Изменить стиль страницы

Так было вообще. что же касается Государя Николая II, то здесь был еще специальный разрыв, вследствие личных качеств императора и императрицы. Поэтому гвардейские офицеры вовсе не были тем элементом, на который можно было опереться в ту минуту, когда даже династия переделилась. ..

Но главное не в этом… главное состояло в том, что давно уже было утрачено, а может быть, его никогда и не было, – утрачено истинное понимание, что такое гвардия…. Лейб-гвардия, собственно, должна быть «телохранительницей верховной власти». Понимая это более широко – гвардия должна быть тем кулаком, который принудит к повиновению всякого, не подчиняющегося власти…

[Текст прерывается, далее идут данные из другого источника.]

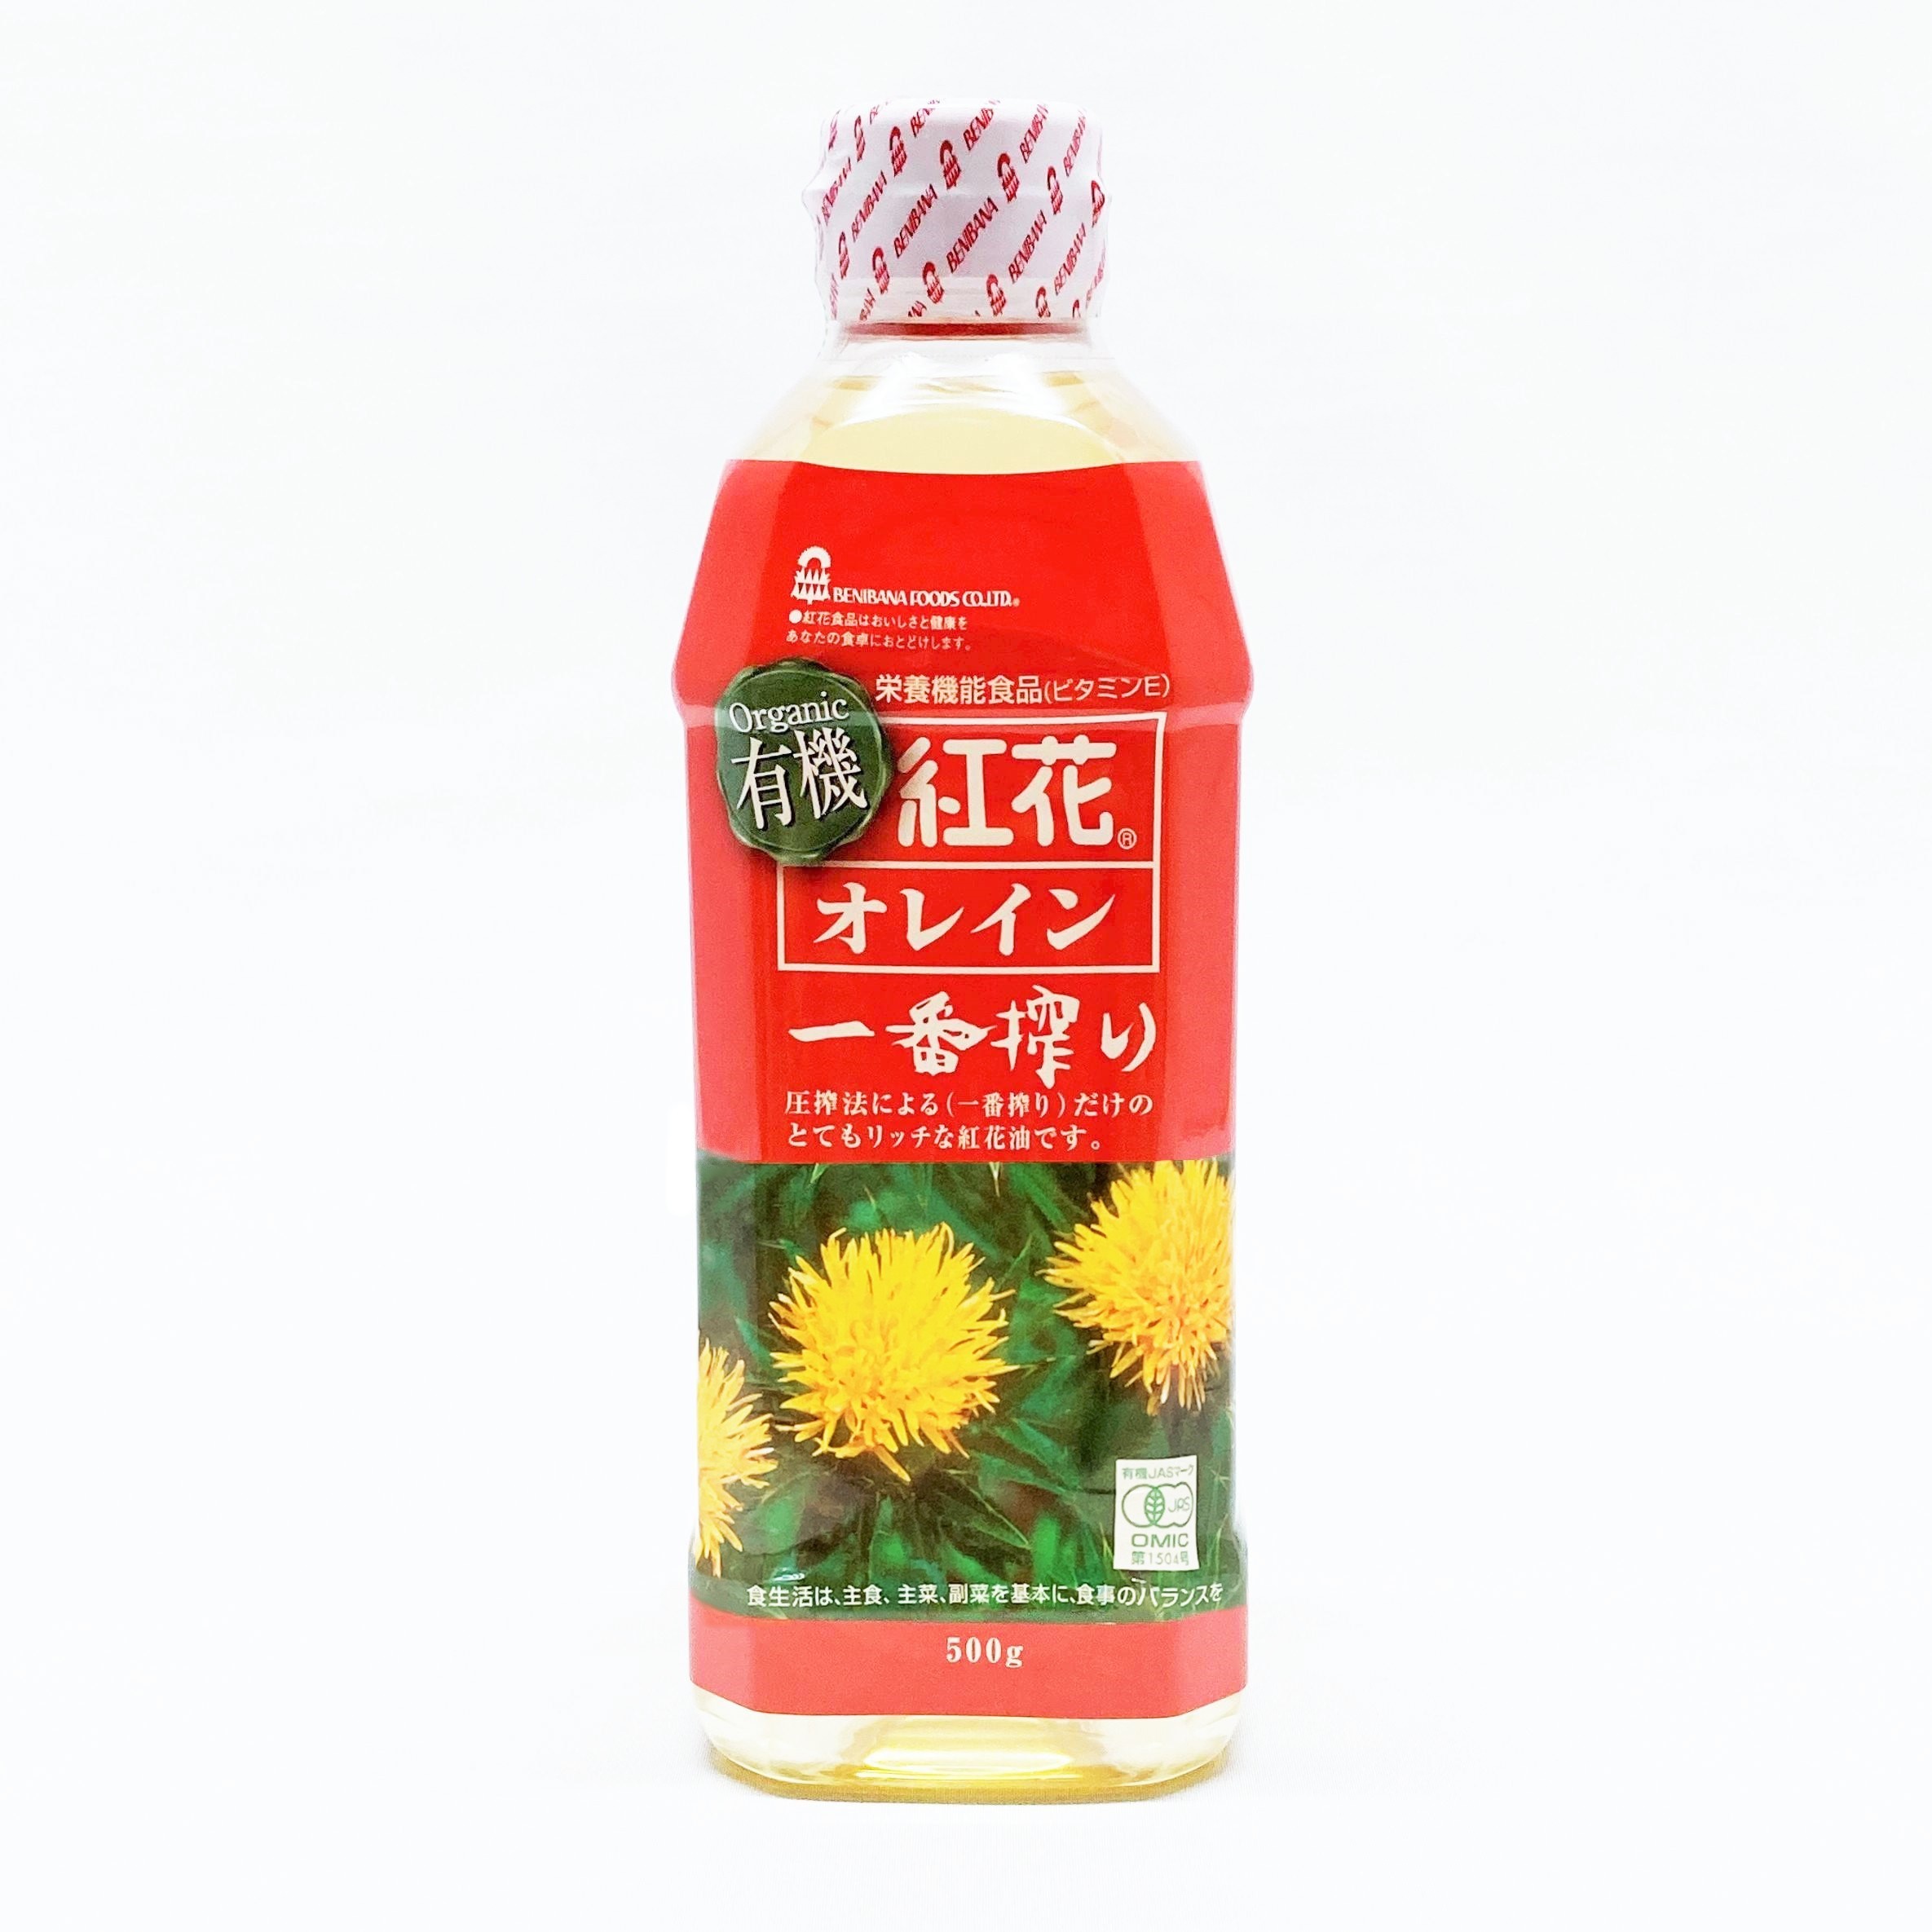 手数料安い 紅花オレイン一番搾り 有機 500g オーガニック 紅花食品 べに花油 栄養機能食品 ビタミンE hanuinosato.jp

Другими словами: назначение гвардии – повиноваться и действовать именно тогда, когда все остальное не хочет повиноваться, т.е. во время народных движений, волнений, бунтов, восстаний… Достаточно ли, чтобы такой корпус имел только одних офицеров, на которых можно положиться? Это нелепость… Разве офицеры могут что-нибудь сделать во время солдатских бунтов? Опыт показал, что в гвардейских частях солдаты раньше, чем в других, бунтовались. Что ж это за гвардия? Гвардия должна состоять из -солдат, не менее офицеров настроенных гвардейски… Поэтому в гвардии должны служить люди не по набору, а добровольно и за хорошее жалованье… И притом это должны быть люди с известной закваской – каждый персонально известный, а не вербоваться по росту: кто выше всех ростом – тот гвардеец. как будто преданность верховной власти есть функция роста: все большие – монархисты, а все маленькие – республиканцы!..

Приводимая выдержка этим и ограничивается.